А мораль, господа спонсоры и инвесторы, следующая. В России всегда очень высоко ценилась оригинальность, учитывая, что государством она традиционно не только не приветствовалось, но и была гонима. И мы, любящие оригинальность, считаем, что быть не такими, как все, хорошо. Так вот слушайте: не всегда. Быть не такими, как все, хорошо лишь в хорошем смысле слова, а в плохом смысле слова — плохо.

Нет, это туманно, давайте проще.

Проще: выпендривайтесь, оригинальничайте, дарите своим любимым цветы и маринованные грибы когда попало, удивляйте их сюрпризами и подарками, будите их в четыре утра, чтобы прочесть только что сочиненные стихи, будьте неожиданными, парадоксальными, непредсказуемыми…
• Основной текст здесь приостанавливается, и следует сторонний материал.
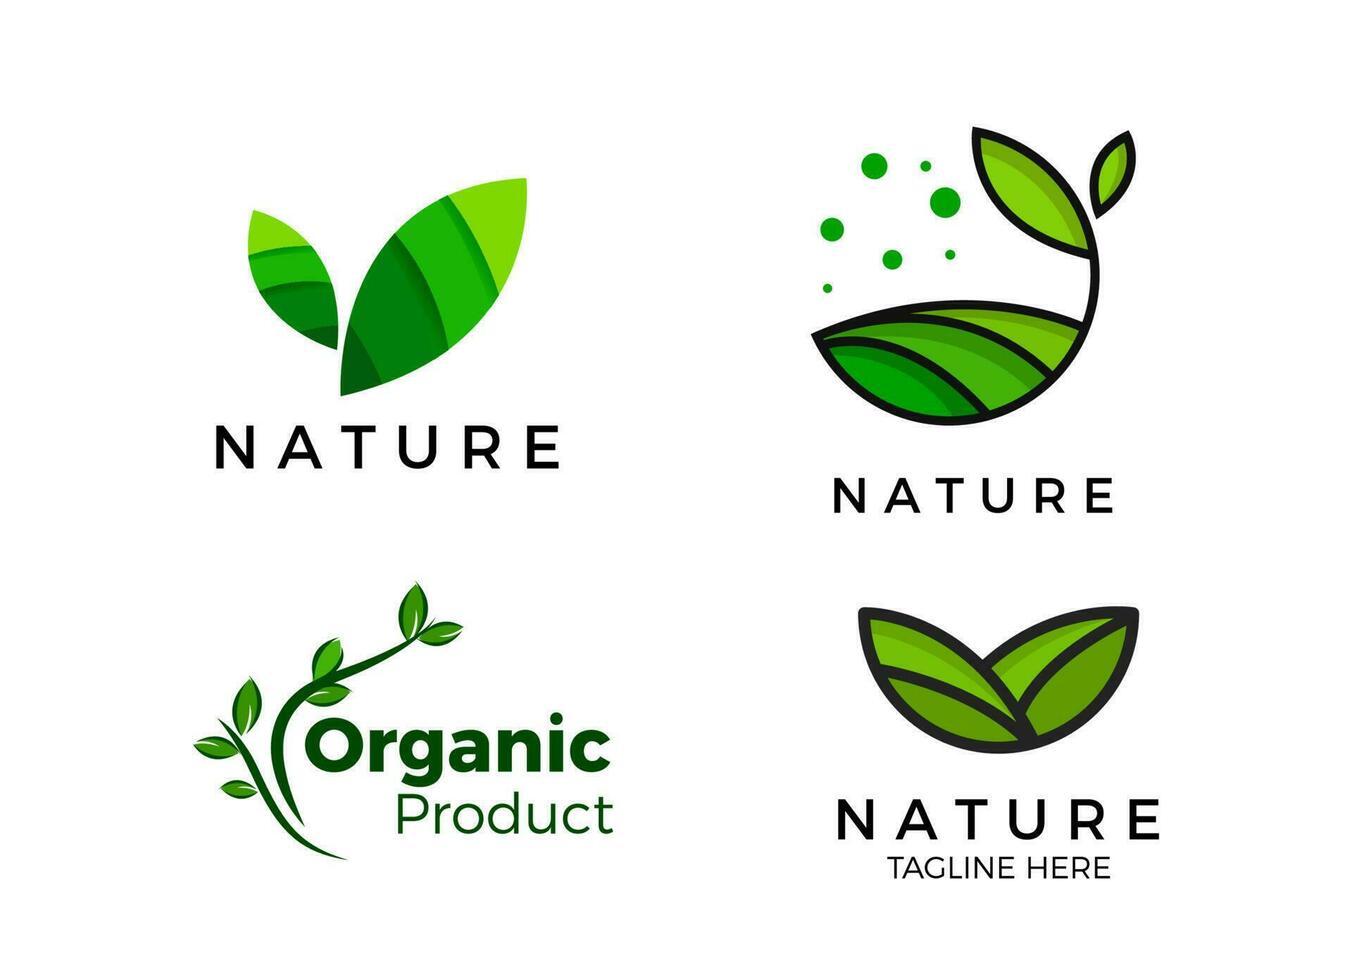 selo de produto orgânico, inspiração de designs de logotipo da natureza. vetor

Но в день Восьмого марта, в день рождения любимых, в день юбилея — будьте как все. Все пьют поют и кушают — не выламывайтесь, пейте, пойте и кушайте. Даже если трудно. Даже если нет настроения. Даже если не очень любите своих любимых. Скрепив сердце и стиснув зубы — радуйтесь. Быть не как все, знаю по себе, трудно. Но быть как все, когда это надо не вам, а любимому человеку, еще труднее.

Но этим-то и проверяется, говоря высокопарно, любовь.

Как Емельянов всех осчастливил

Емельянов приехал в город своей молодости, потому что давно там не был.

Все мы, господа лакеры и лузеры или, говоря по-русски, инсайдеры и аутсайдеры, или, если совсем правильно, успешники и неуспешники, время от времени любим посещать места, где нас помнят такими, какими мы были, чтобы показать, какими мы стали, и узнать, видны ли в нас перемены к лучшему.

Емельянов обычно в первый день никому не звонит. Он приезжает утром, радует собой заждавшихся папу и маму, а к вечеру идет гулять по центральным улицам и обязательно встречает кого-то из знакомых — это всегда неожиданно и радостно. Предупрежденный человек уже готов увидеть твои изменения, он их ожидает, он припасает добрые речи по поводу того, как ты выглядишь, надеясь на ответную доброту. А тот, кто не ожидал тебя увидеть и застигнут врасплох, он выражает свои эмоции непосредственно. Лет восемь назад, когда Емельянов был бодр и свеж, выспался в поезде, оставил дома жену и детей в добром здоровье, бывшая его сокурсница, наткнувшаяся на него в толпе, невольно ахнула:

— Ваня, как ты… возмужал…

И Емельянов понял, что она имела в виду другое: постарел. Отметив в душе, что и она постарела (мы ведь часто только тогда и понимаем свой возраст, когда встречаем своих давно не виденных ровесников и видим, что с ними произошло).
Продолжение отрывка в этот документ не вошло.